How to frame this problem using RL?

How should this problem be framed in the domain of RL for preventing users from exceeding their bank account balance and being overdrawn?

For example, a user has 1000 in an account, and proceeds to withdraw 300, 400, 500, making the user overdrawn by 200 :((300+400+500) – 1000).

Treating this as a supervised learning problem, I could use logistic regression. The input feature is the transaction amounts. The input features for a training instance, 300,400,500 and the output feature occurs if the account is overdrawn or not overdrawn with corresponding values of 1 and 0 respectively. For simplicity, we will assume the number of transactions is consistent and is always 3.
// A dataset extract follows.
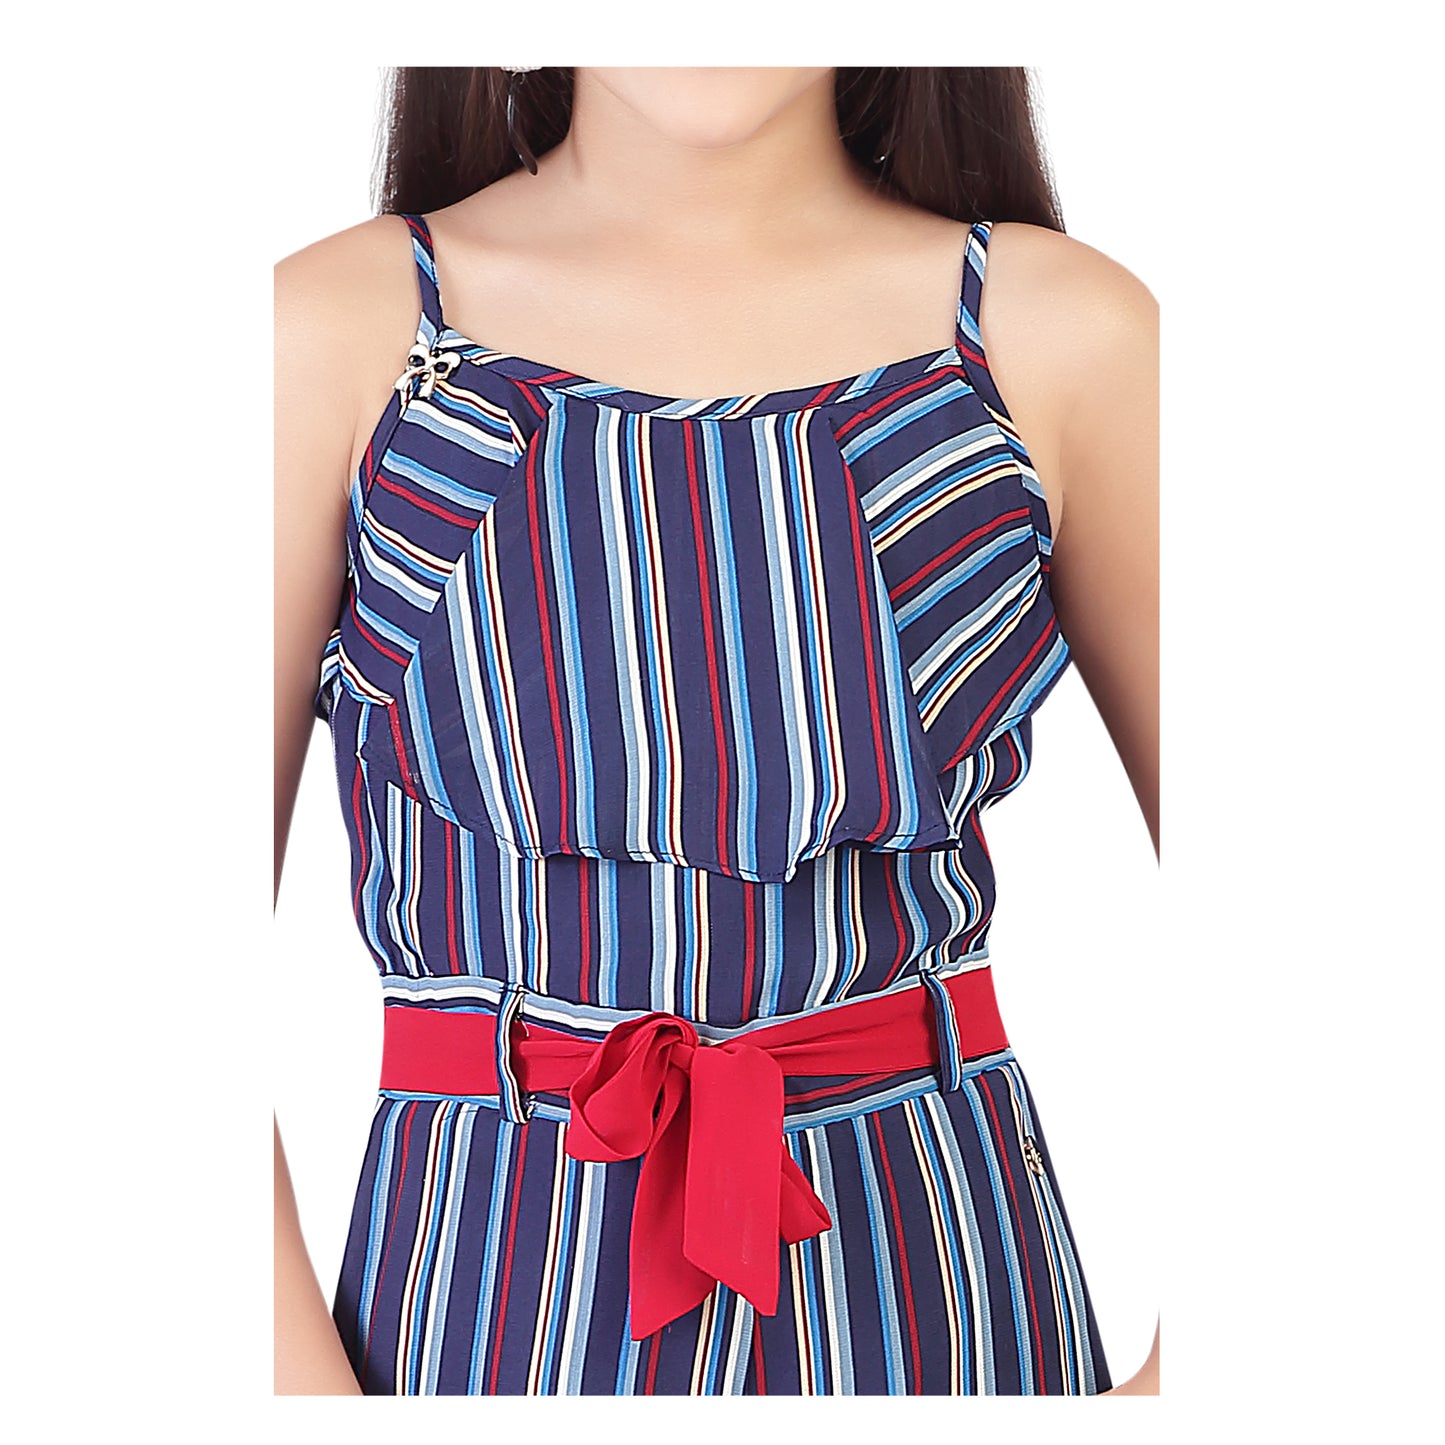 Sleeveless Jumpsuit With Stripes In Navy

For RL, a state could be represented as a series of transactions, but how should the reward be assigned?

Update:

Here my RL implementation of the problem:

import torch
from collections import defaultdict
gamma = .1
alpha = 0.1
epsilon = 0.1
n_episode = 2000
overdraft_limit = 1000

length_episode = [0] * n_episode
total_reward_episode = [0] * n_episode

episode_states = [[700,100,200,290,500] , [400,100,200,300,500] , [212, 500,100,100,200,500]]
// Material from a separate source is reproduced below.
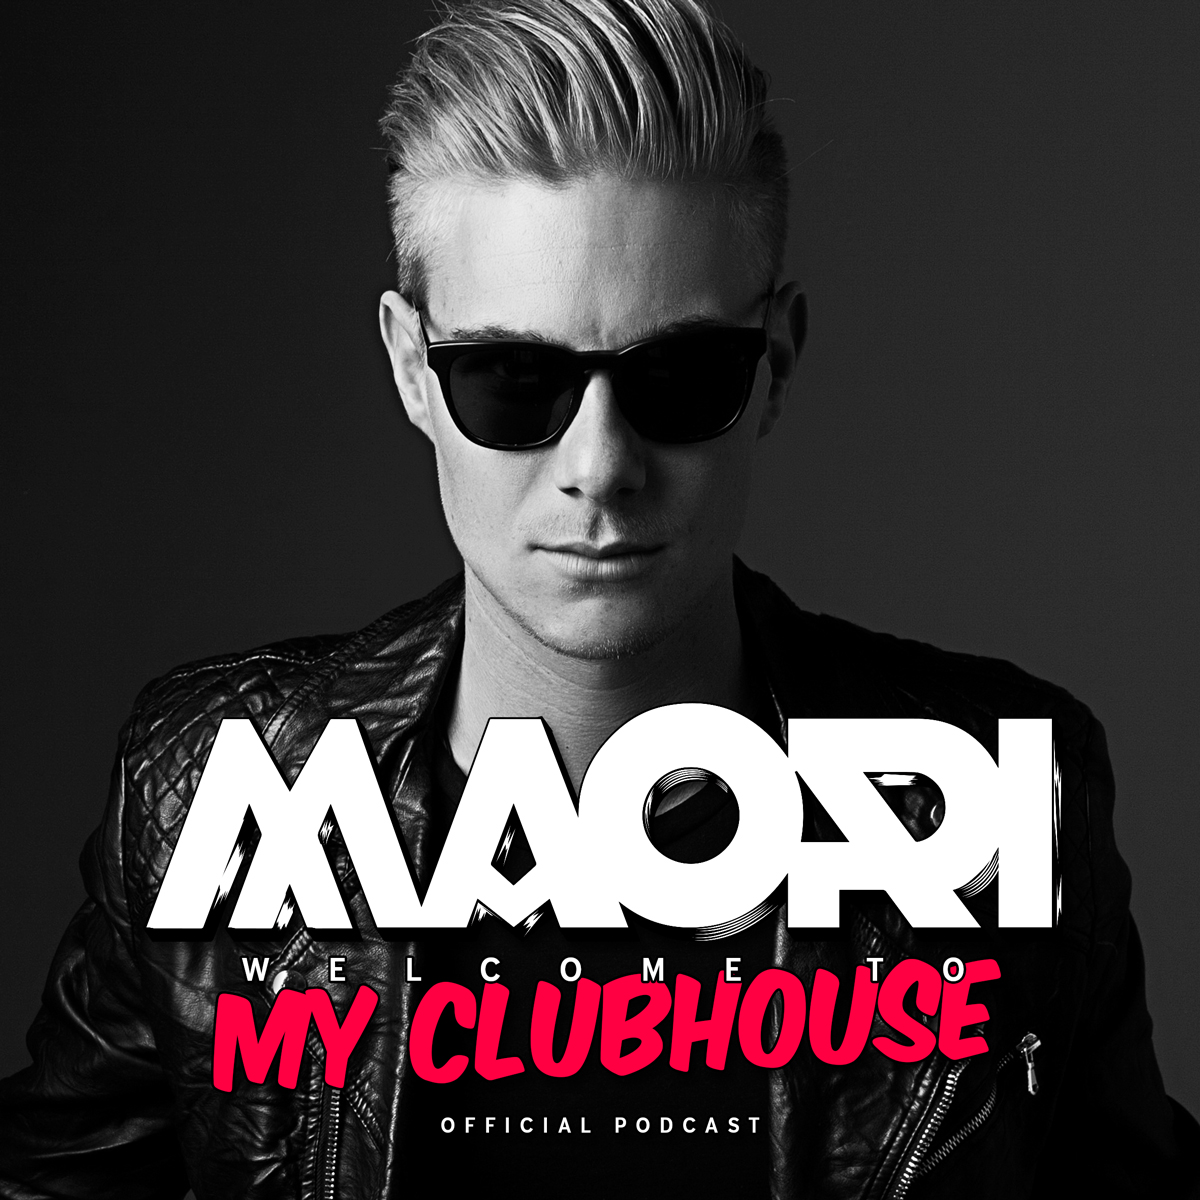 My Clubhouse by Maori - Podcast #029

def gen_epsilon_greedy_policy(n_action, epsilon):
    def policy_function(state, Q):
        probs = torch.ones(n_action) * epsilon / n_action
        best_action = torch.argmax(Q[state]).item()
        probs[best_action] += 1.0 - epsilon
        action = torch.multinomial(probs, 1).item()
        return action
    return policy_function

def is_overdrawn(currentTotal):
    return currentTotal >= overdraft_limit

# Actions are overdrawn or not, 0 - means it is not overdrawn, 1 - means that it will be overdrawn
def get_reward(action, currentTotal):
    if action == 0 and is_overdrawn(currentTotal):
        return -1
    elif action == 0 and not is_overdrawn(currentTotal):
        return 1
    if action == 1 and is_overdrawn(currentTotal):
        return 1
    elif action == 1 and not is_overdrawn(currentTotal):
        return -1
    else :
        raise Exception("Action not found") 
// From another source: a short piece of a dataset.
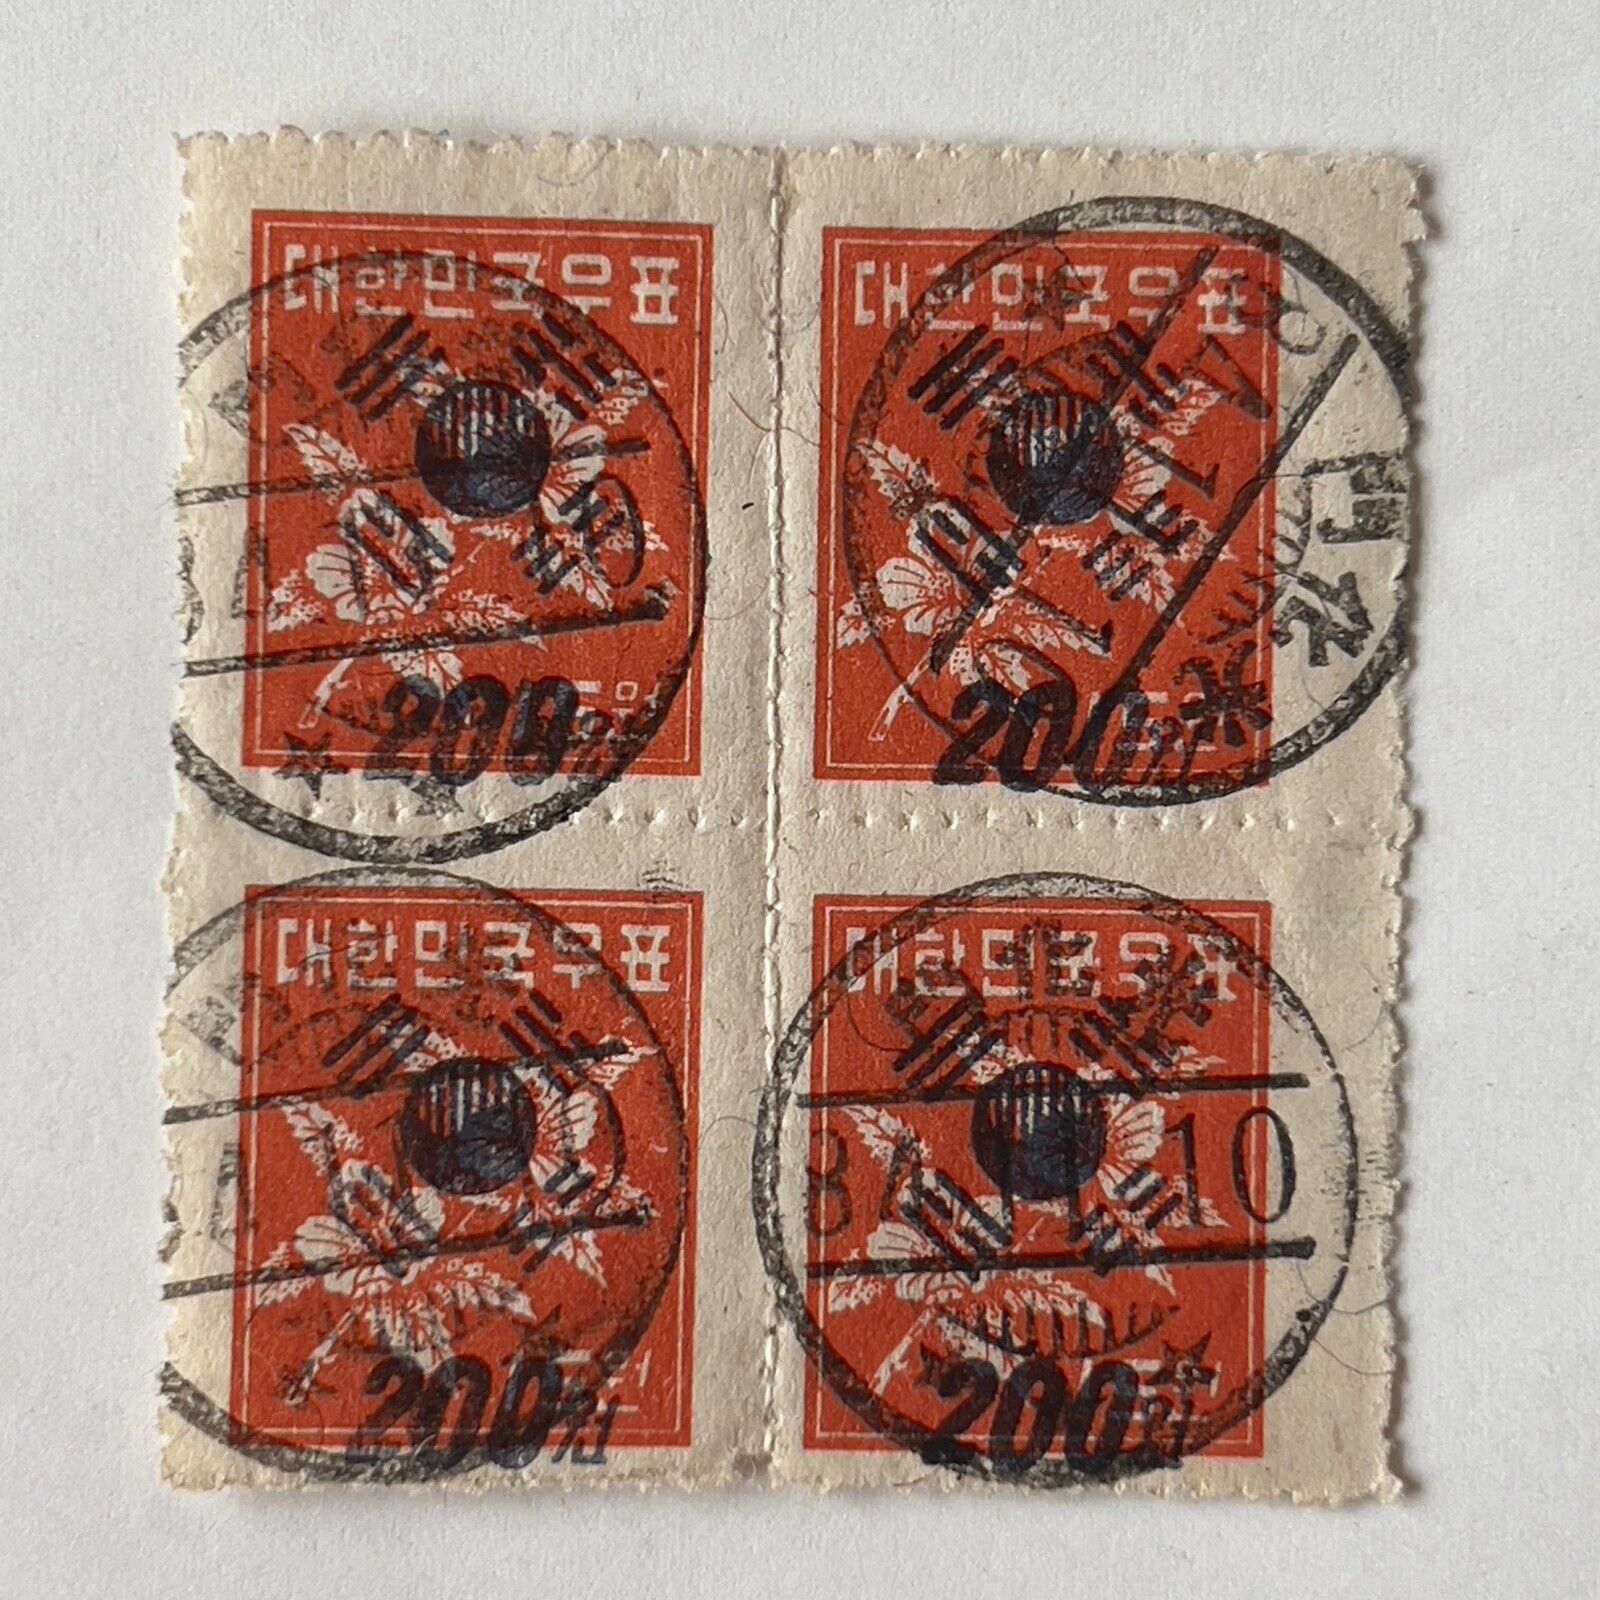 1951 SOUTH KOREA BLOCK OF 4 STAMPS #128 HIBISCUS BOLD OVERPRINT NICE SON CANCELS

def q_learning(gamma, n_episode, alpha,n_action):
    """
    Obtain the optimal policy with off-policy Q-learning method
    @param gamma: discount factor
    @param n_episode: number of episodes
    @return: the optimal Q-function, and the optimal policy
    """
    Q = defaultdict(lambda: torch.zeros(n_action))
    for ee in episode_states : 
        for episode in range(n_episode):
            state = ee[0]
            index = 0
            currentTotal = 0
            while index < len(ee)-1 :
                currentTotal = currentTotal + state
                next_state = ee[index+1] 
                action = epsilon_greedy_policy(state, Q)
#                 print(action)
                reward = get_reward(action, currentTotal)
                td_delta = reward + gamma * torch.max(Q[next_state]) - Q[state][action]
                Q[state][action] += alpha * td_delta

                state = next_state
                index = index + 1

                length_episode[episode] += 1
                total_reward_episode[episode] += reward
                
    policy = {}
    for state, actions in Q.items():
        policy[state] = torch.argmax(actions).item()
    return Q, policy

epsilon_greedy_policy = gen_epsilon_greedy_policy(2, epsilon)

optimal_Q, optimal_policy = q_learning(gamma, n_episode, alpha, 2)

print('The optimal policy:n', optimal_policy)
print('The optimal Q:n', optimal_Q)

This code prints:

The optimal policy:
 {700: 0, 100: 0, 200: 1, 290: 1, 500: 0, 400: 0, 300: 1, 212: 0}
The optimal Q:
 defaultdict(<function q_learning.<locals>.<lambda> at 0x7f9371b0a3b0>, {700: tensor([ 1.1110, -0.8890]), 100: tensor([ 1.1111, -0.8889]), 200: tensor([-0.8889,  1.1111]), 290: tensor([-0.9998,  1.0000]), 500: tensor([ 1.1111, -0.8889]), 400: tensor([ 1.1110, -0.8890]), 300: tensor([-1.0000,  1.0000]), 212: tensor([ 1.1111, -0.8888])})

The optimal policy is to inform us if 700 is added to the balance, then the customer will not overdraw (0). If 200 is added to the balance, then the customer will overdraw(1). What avenues can I explore to improve upon this method as this is quite basic, but I’m unsure as to what approach I should take in order to improve the solution.

For example, this solution just looks at the most recent additions to the balance to determine if the customer is overdrawn. Is this a case of adding new features to the training data?

I’m just requesting a critique on this solution so I can improve it. How can I improve the representation of the state?